Create Dim from Existing Column of Single DSV into Tab Cube

  • Hello, I've got an SSIS pkg that loads data to SQL Server database from a single summarized table from Teradata, and I've got a DSV created off that single SQL Server table as the feed into a Tabular Cube. Within the design of the cube, I have hidden some columns, as well as summarized them.

    When I connect with Excel, I can see them as facts and measures. In SSAS I create a hierarchy in the diagram, place some columns into the new hierarchy. Then in Excel, I can pull any column from the hieracrchy, and now matter which column I pull, I get the same value of what  the first column is in that hierarchy.

    I get the impression it's because the one table is all fact data, and not dimensional data. Is there a way in SSAS to turn one or more of these columns into a dimension?
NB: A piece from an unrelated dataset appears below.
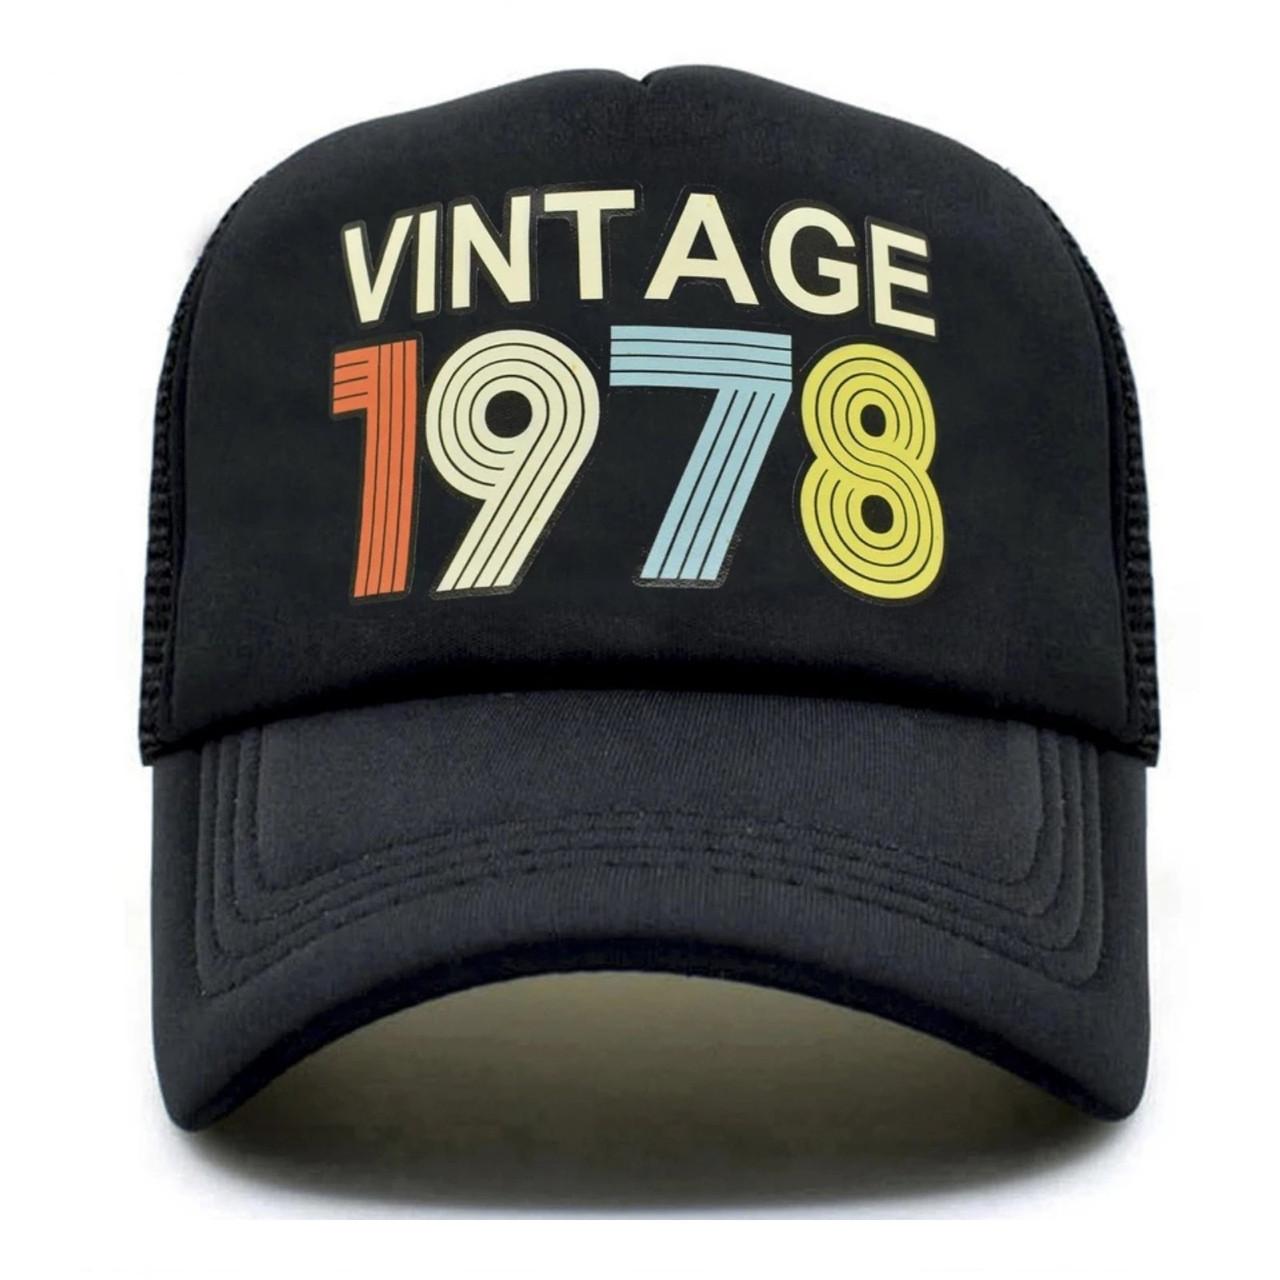 Кепка тракер Vintage 1978 с сеточкой 2, Унисекс

Or am I going to need to break up the data into more than one table and bring in as DSV's and join, and work that way?

  • Are you using SSAS multidimensional (cubes) or SSAS tabular?  They're two different applications and are designed differently.
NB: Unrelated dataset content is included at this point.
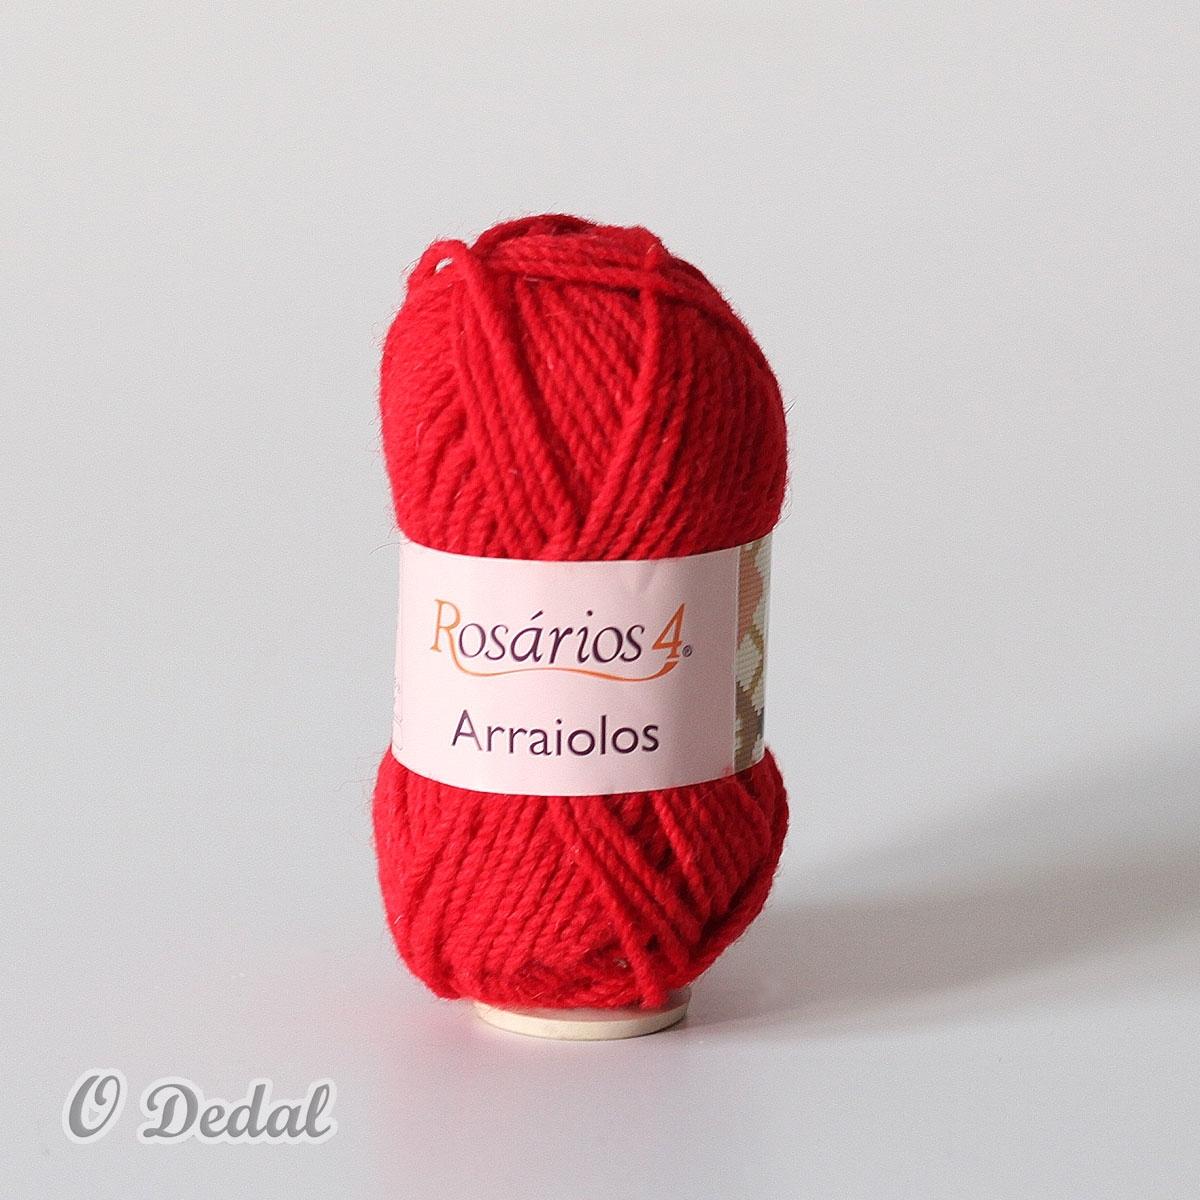 Lã Rosários 4 - 565

    You mention DSV which makes me think you have a multidimensional instance, but you keep referencing tabular..

  • Tom_Hogan - Tuesday, August 8, 2017 1:35 PM

    Are you using SSAS multidimensional (cubes) or SSAS tabular?  They're two different applications and are designed differently.

    You mention DSV which makes me think you have a multidimensional instance, but you keep referencing tabular..

    It's as Tab cube, and when I say DSV I mean the view I created from the the source table, that I have pulled into the tab model, sorry for any confusion

  • I'm not too familiar with tabular but your best bet it to split the columns you want to be dimensions into another "table."  The easiest way would be to create a SQL Server view that only has the columns you want to leverage for slicing / filtering ( the dimension(s) ) from the single summarized table you have.  Probably using a select distinct.  IIRC, it's called a degenerate dimension.  Not sure about the performance though.  Actually splitting into another table may perform better.

    This is based off my experience with SSAS multidimensional.  I leverage SQL Server views as an intermediate layer between my data warehouse (which generally consists of a bunch of star schemas) and the cube.  This gives me a lot of flexibility when it comes to presenting the data to the cubes (filtering, columns included and their names, etc.).